The Bangko Sentral ng Pilipinas (BSP) may be on the brink of losing control and credibility in herding inflation within the target range if monetary authorities do not adopt a tighter policy stance within the next three months, as growth in prices heat up globally due to the Russian invasion of Ukraine.
ING Bank’s senior economist in the Philippines Nicholas Mapa, in his latest commentary, expressed concern that the BSP intended to hold off tightening until the second half of 2022 while influential central banks like the US Federal Reserve is expected to again raise its policy rate this May.
The US Fed raised their benchmark interest rate by 25 basis points earlier this month and Mapa said a forecast of another 50 basis points in May was likely to be very much in play.
Assessment update
Following the US Fed’s policy meeting last week, BSP Governor Benjamin Diokno said the BSP does not have to raise its own policy rates just because the Americans did, reiterating that such decisions will depend on the domestic situation.
The Monetary Board is meeting today to update their assessment of the latest developments, which would impact whether the BSP’s overnight borrowing rate would remain at a record low 2 percent.

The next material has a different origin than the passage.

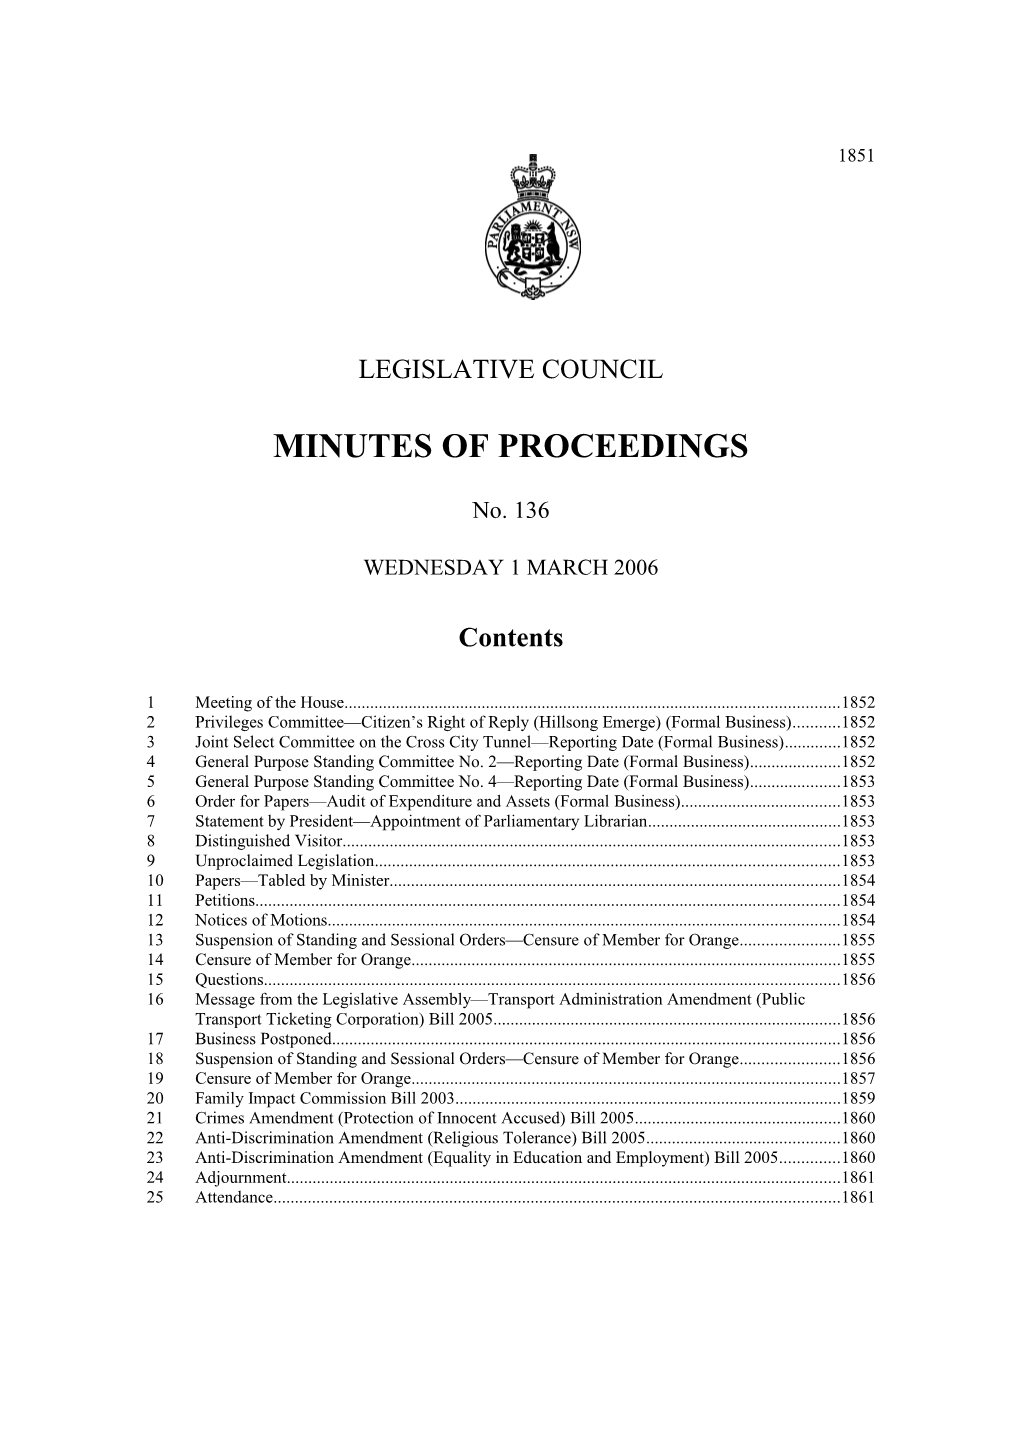 Legislative Council Minutes No. 136 Wednesday 1 March 2006

“Should BSP opt to sit out the first half even as inflation surges past target, we could very well see BSP fall behind the curve again as they did in 2018,” Mapa said.
“By then, with inflation raging and with Filipinos saddled with astronomically high transport costs, BSP will be losing the most important battle of its inflation targeting mandate—the battle to anchor inflation expectations,” he added. Mapa said that should consumers and firms begin to believe that higher-than-desired inflation is likely to prevail, the credibility in the BSP’s inflation-fighting capability will fade and prompt Filipinos to expect this scenario to continue.

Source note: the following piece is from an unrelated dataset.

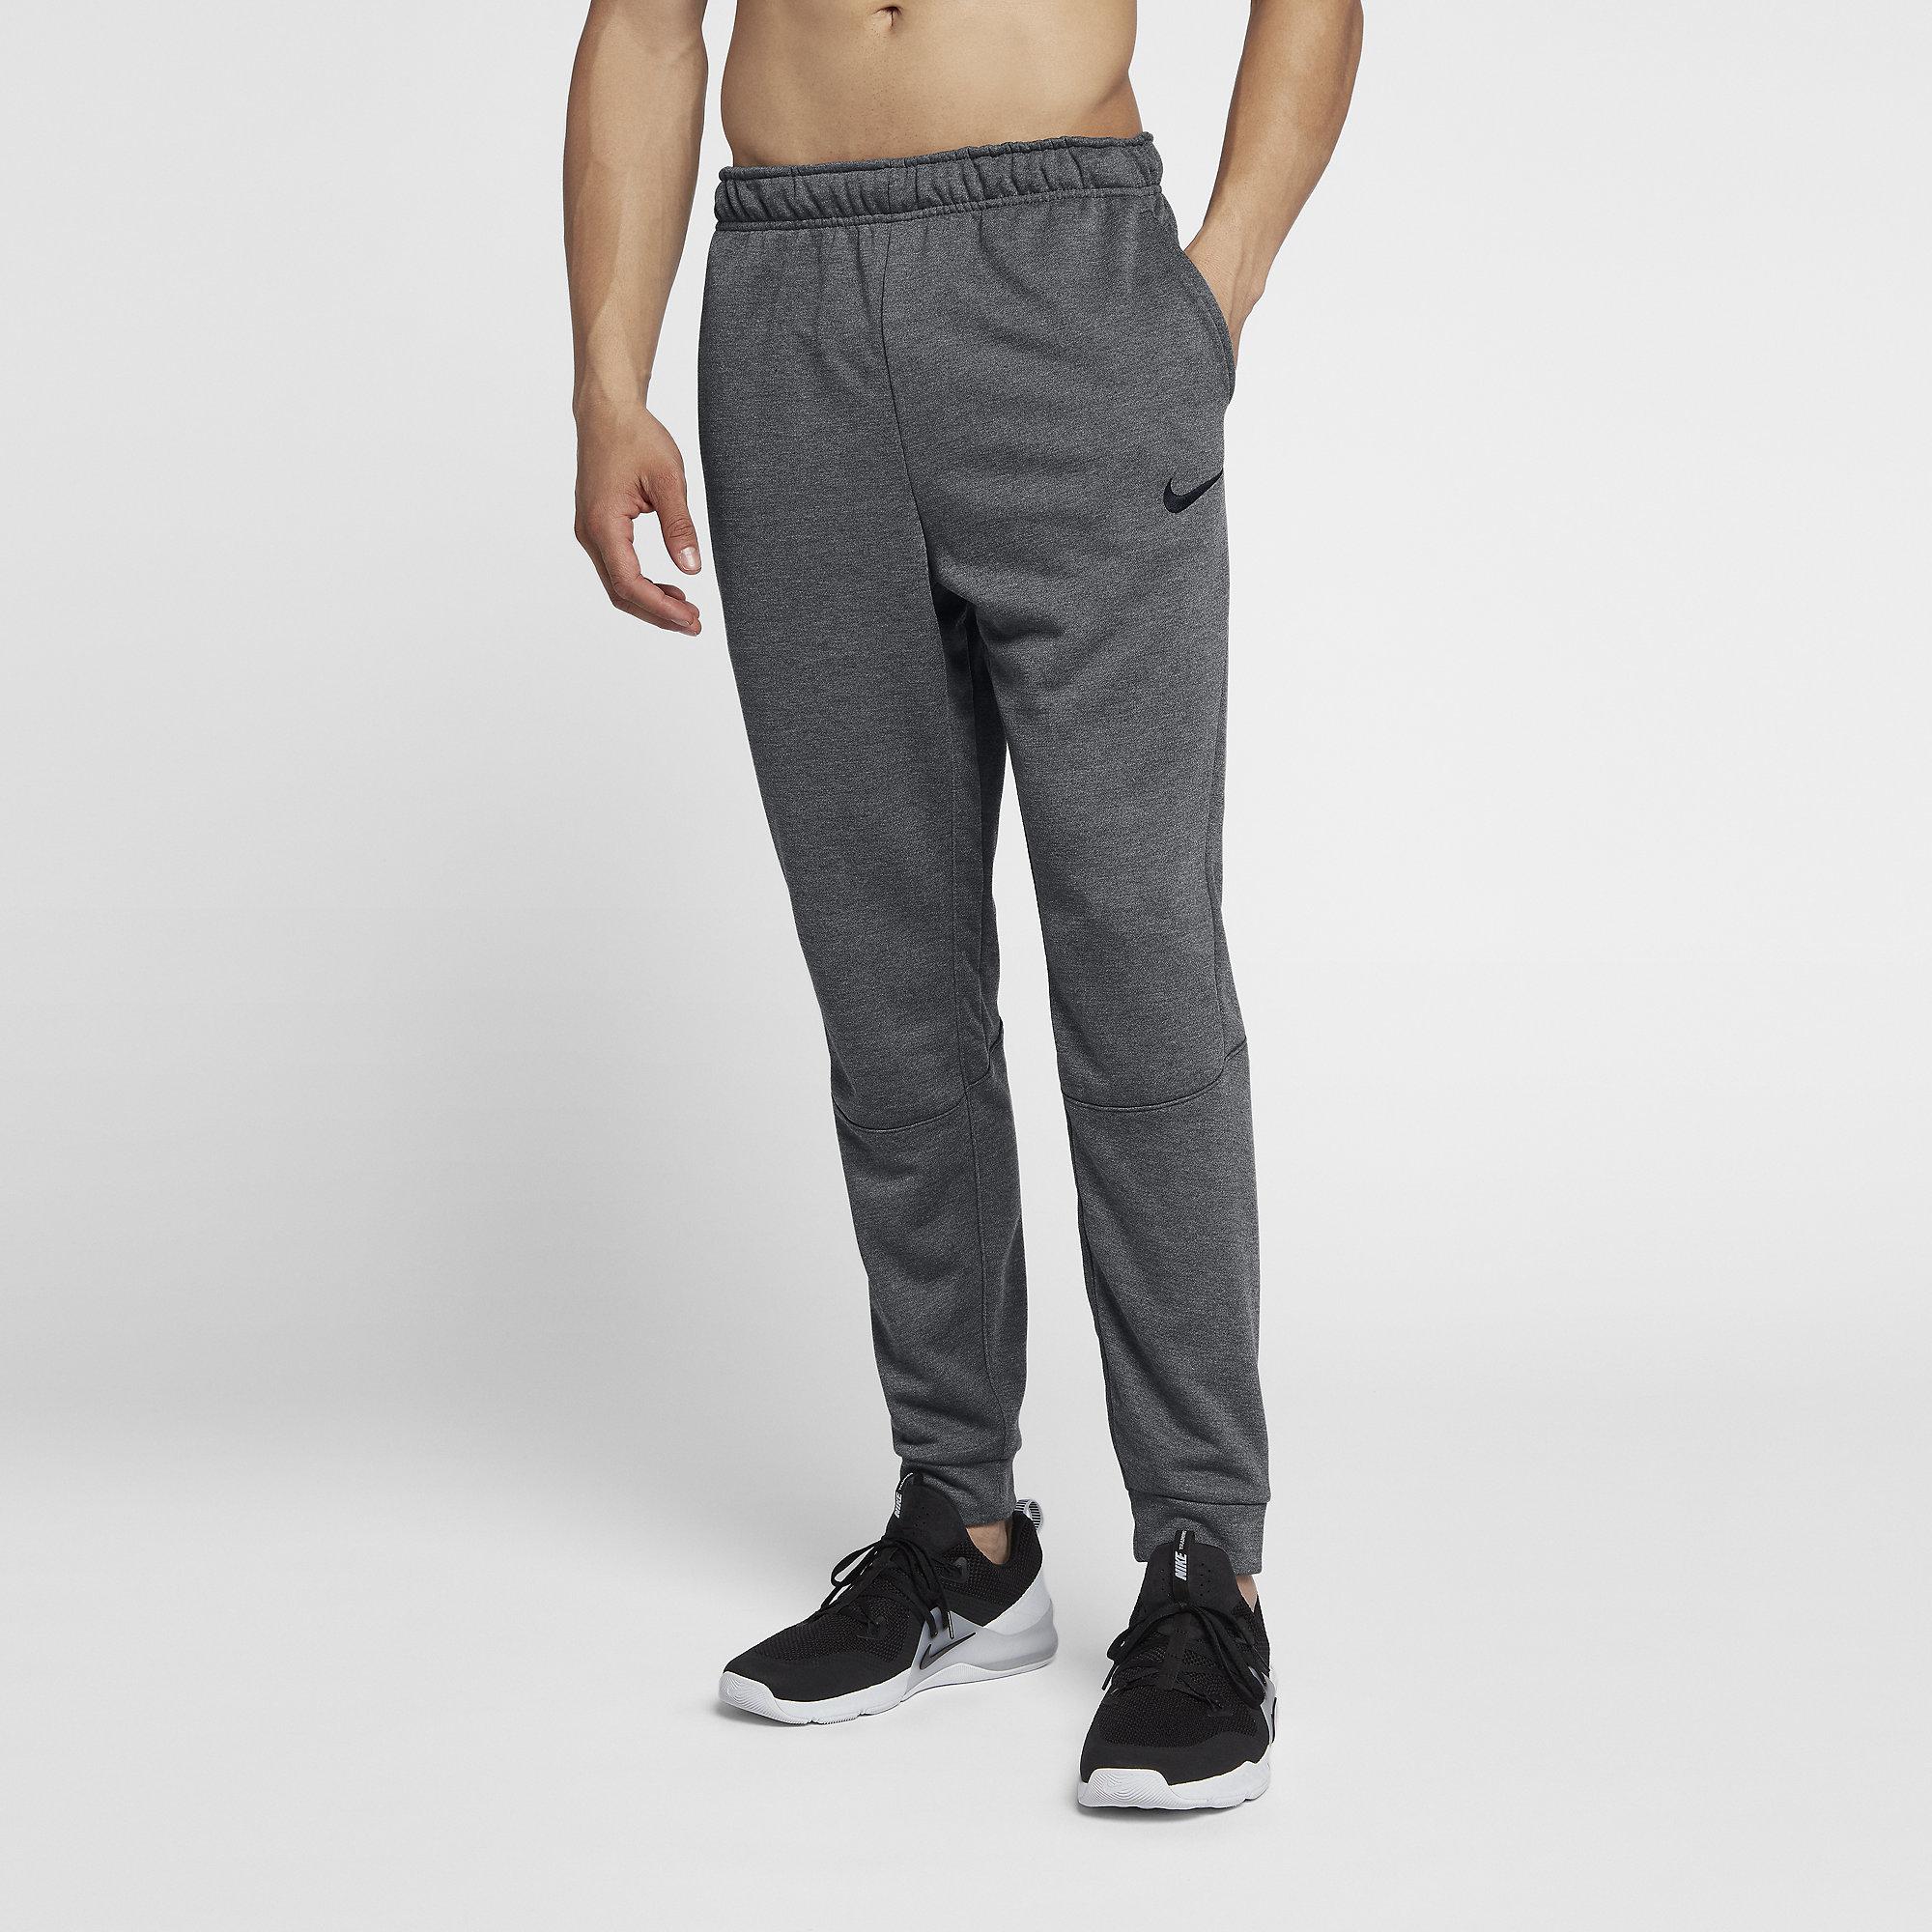 Nike Mens Training Pants - Charcoal Heather/Black - Tennisnuts.com

“Once this happens, the country may fall into a price spiral with the BSP unable to corral runaway inflation expectations,” Mapa said.
“A delay in any form of tightening to the [second semester] runs the very real risk of BSP losing a grip on inflation expectations and will lead to BSP [falling] behind the curve, a position not easily addressed by a token rate hike or two,” he added.

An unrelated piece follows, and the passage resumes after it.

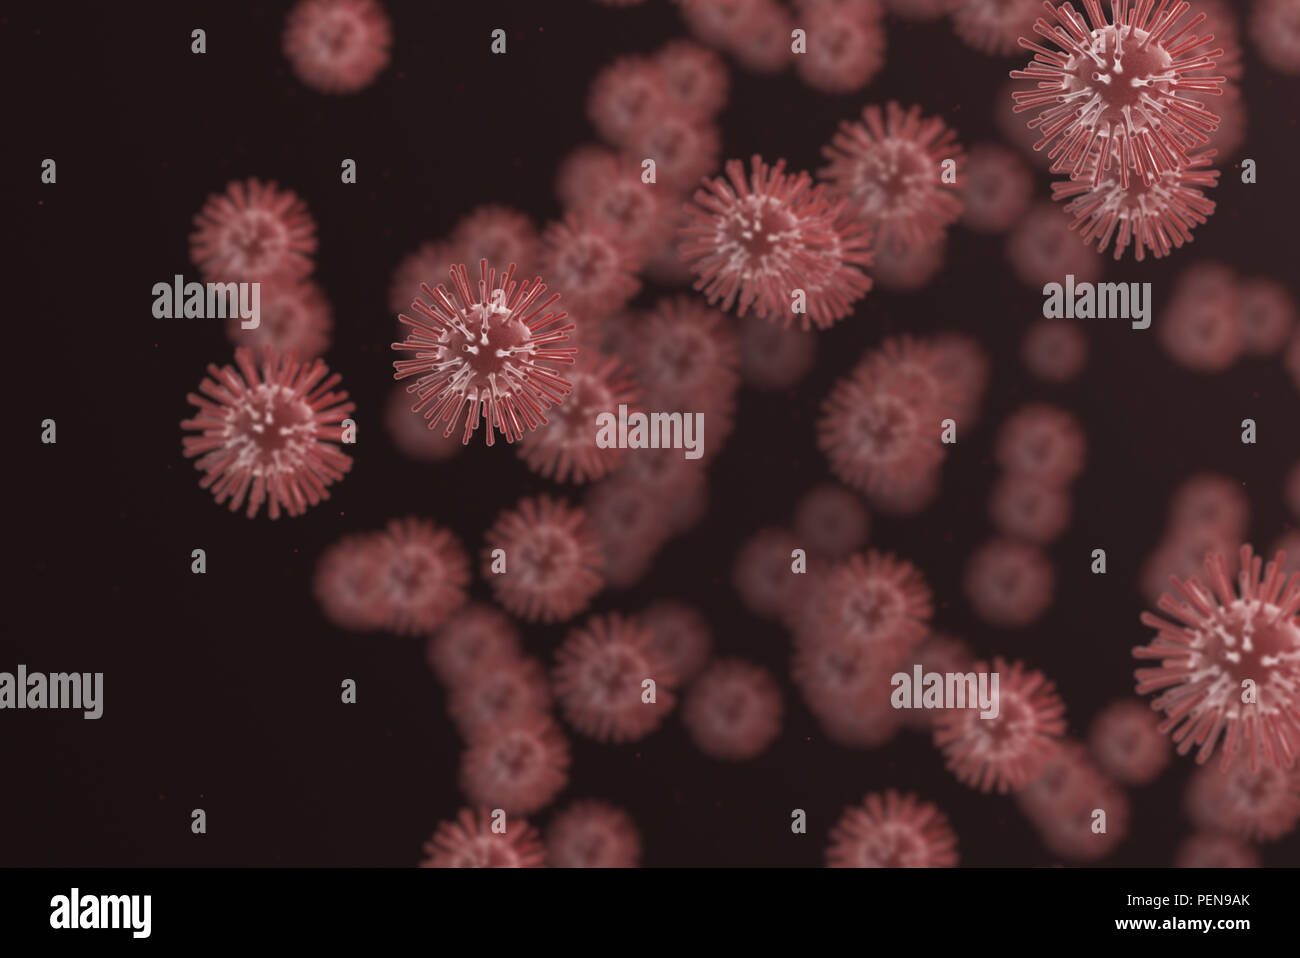 Virus cells close up image Stock Photo

In another commentary, Fitch Ratings has reduced its growth forecast for global domestic product by 0.7 percentage point to 3.5 percent in 2022.
Fitch said the reduction reflected the drag from higher energy prices but also a faster pace of US interest rate hikes than previously anticipated.
The debt watcher said the outlook for global GDP growth has deteriorated significantly as inflation challenges intensify and Russia’s invasion of Ukraine threatened global energy supplies.
“Global inflation is back with a vengeance after an absence of at least two decades,” Fitch Ratings chief economist Brian Coulton said. “This is starting to feel like an inflation regime change moment.”